Costs and procurement of the resources described here are detailed in response to Question 47.

28.2.1. Human Resources

See EXHIBIT: 28-Chart-Resourcing.png

The resourcing plan specific to this response follows the principles, guidelines and information set forth in our response to Question 23.

The accompanying chart shows the human resources allocated to the functions depicted in this response.

Uniregistry maintains retainer relationships with two attorneys having extensive experience in internet matters, who will be responsible for reviewing and authorizing response to any abuse incident, report, or law enforcement or court action requiring legal review such as jurisdictional analysis.
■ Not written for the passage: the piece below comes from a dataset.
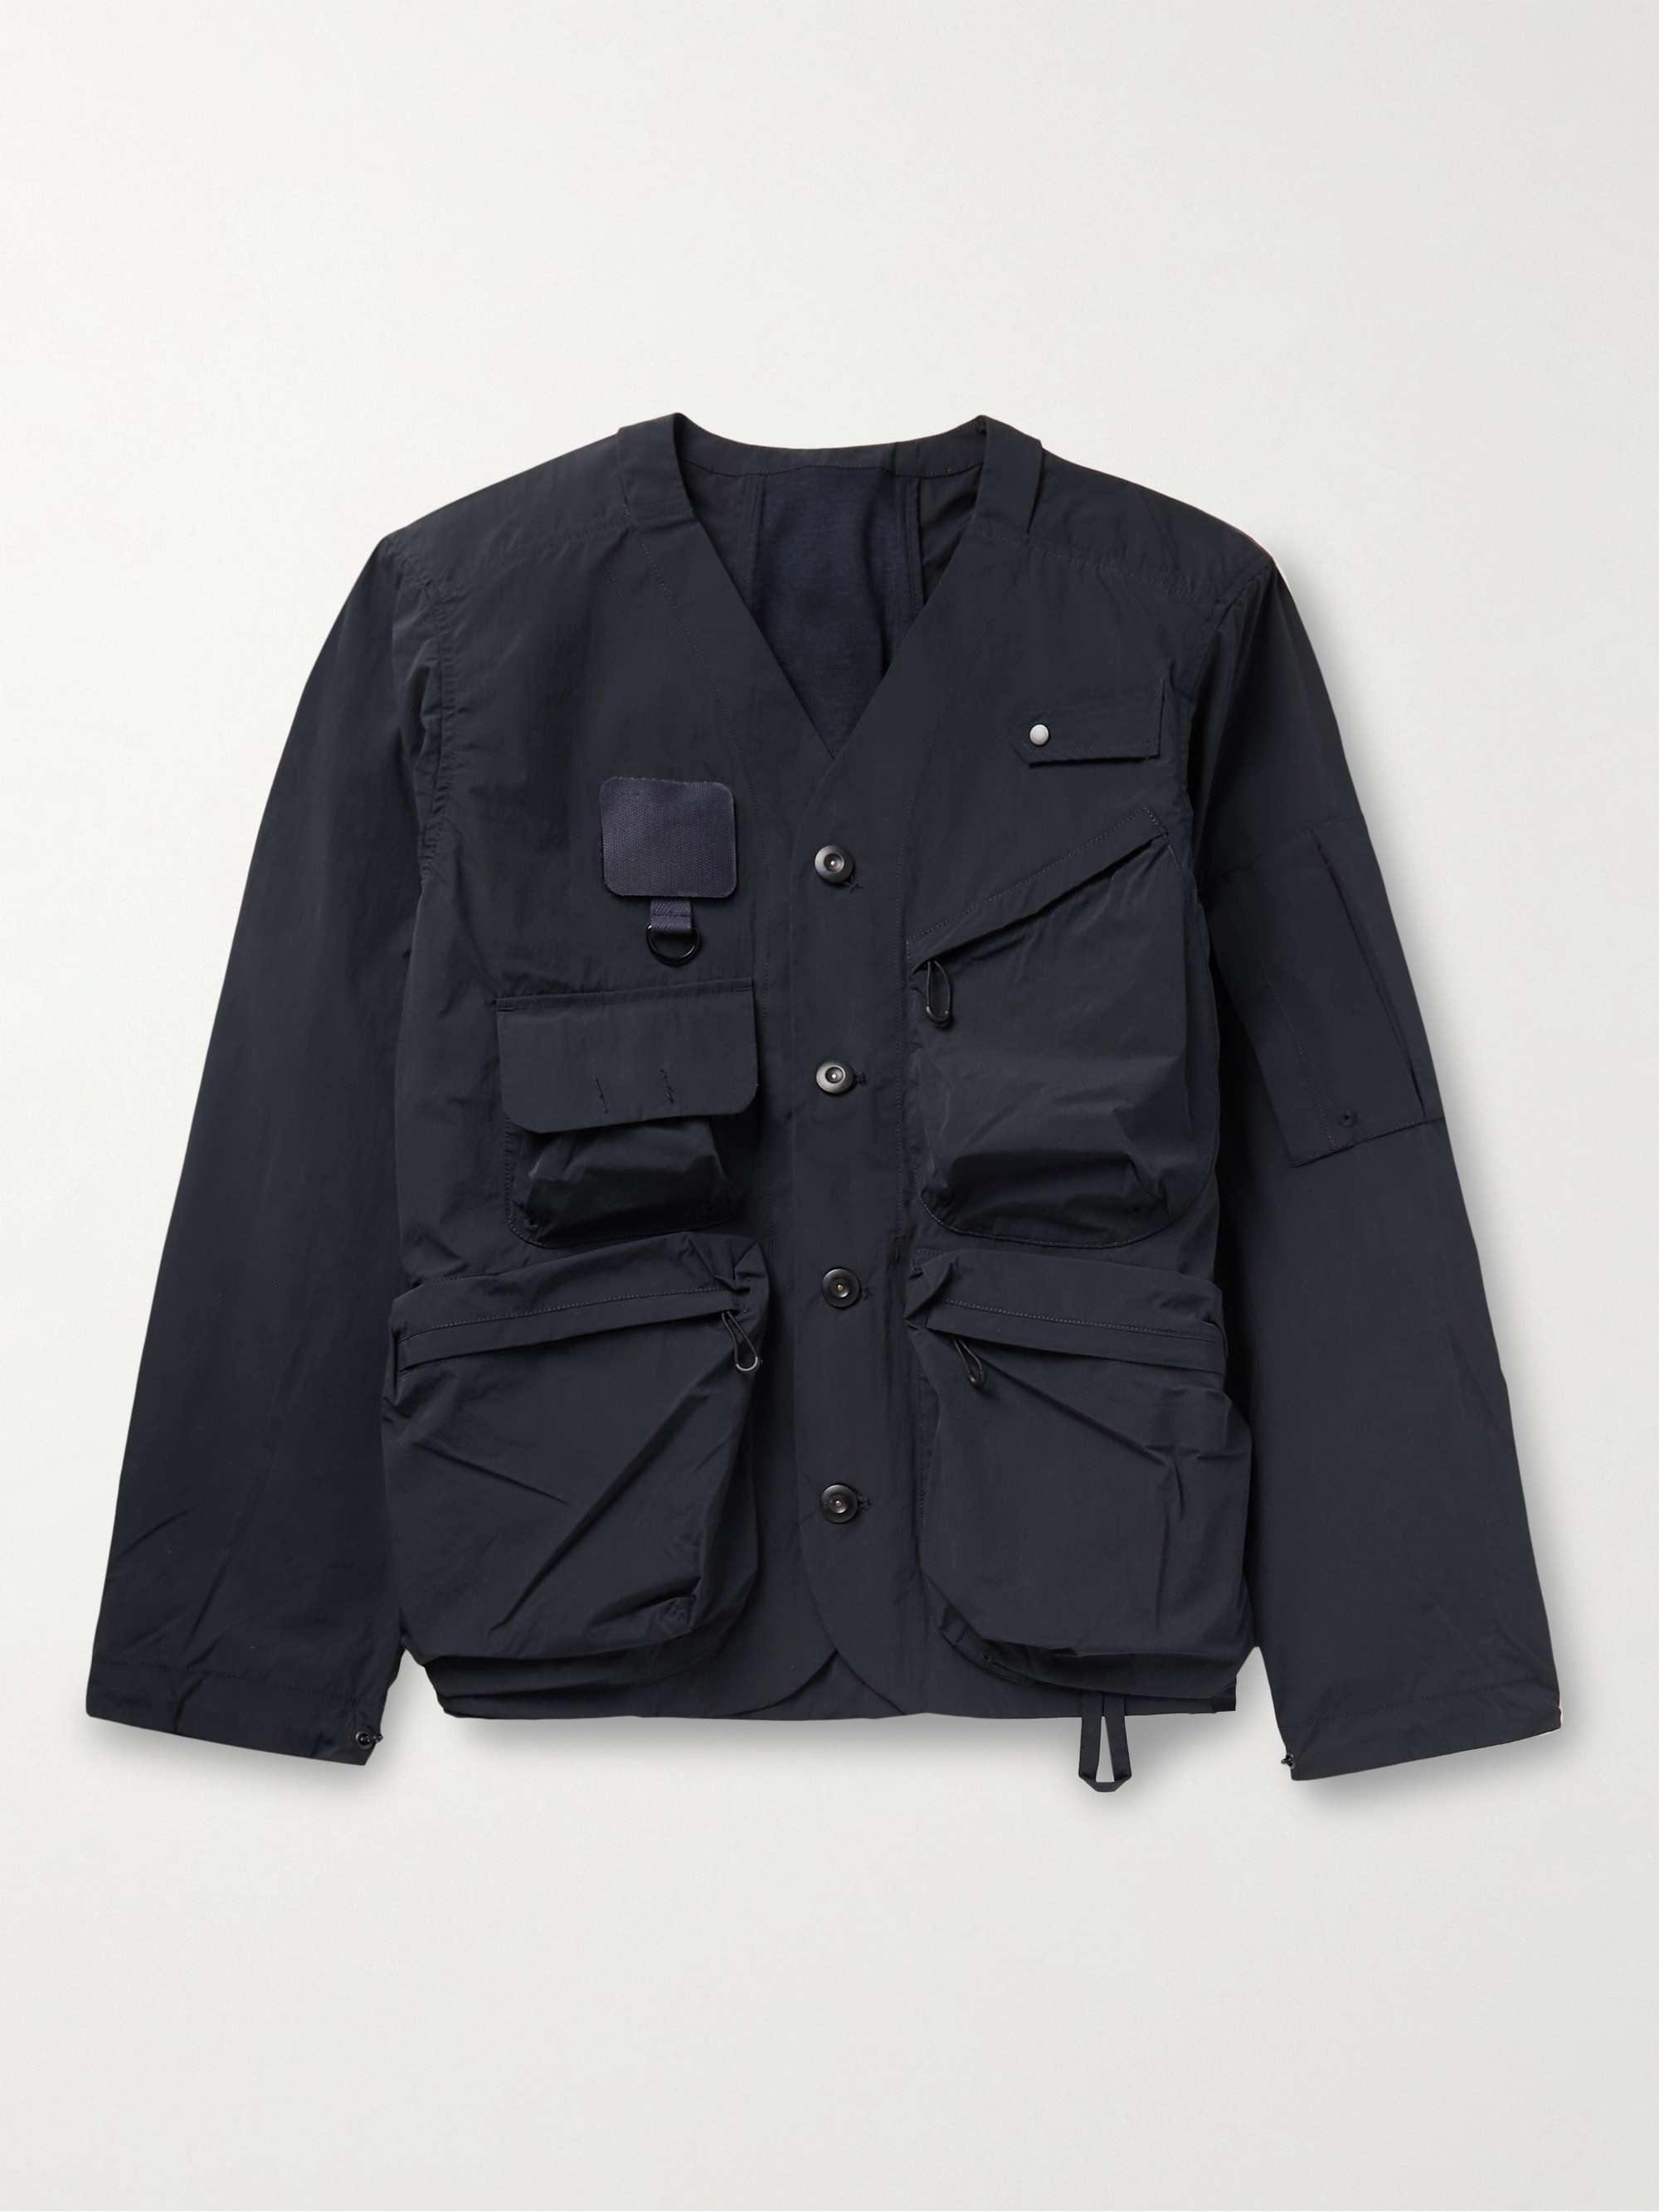 NORBIT BY HIROSHI NOZAWA Nylon Field Jacket for Men | MR PORTER

At any time, at least one of these attorneys shall be ʺon callʺ to immediately address such incidents as circumstances warrant.

28.3. ABOUT THIS RESPONSE

We believe that this answer meets the requirements and addresses all the points of this question:

* We have created a single point of contact for abuse reporting using any of several means (from telephone to text message to web) and in the languages supported by .STYLE. This point of contact is active and available 24x7.
* We have created enhanced means to handle reports and requests from law enforcement.
* We have a Registry Operations Center that will dispatch all incoming reports of abuse to our abuse management team.
* We have a structured response plan that tailors our response to the nature and exigency of the report.
* We have mechanisms to evaluate orphaned glue records and to remove them as needed.
* Our registration system incorporates technical mechanisms to put a name into suspension when warranted by our abuse policy.
* We have written policies regarding abuse and Whois accuracy.

We believe that this answer exceeds the requirements of this question:

* We require registrars (and indirectly require registrants) to provide and maintain accurate Whois information.
* We require registrars to participate in ICANNʹs WHOIS Data Problem Report System (WDPRS) and ICANNʹs WHOIS Data Reminder Policy (WDRP).
* We will perform validation tests on statistically meaningful samples of Whois data to look for inaccurate data.
* We use strong security methods to assure that registrar-registry interactions are authenticated and protected.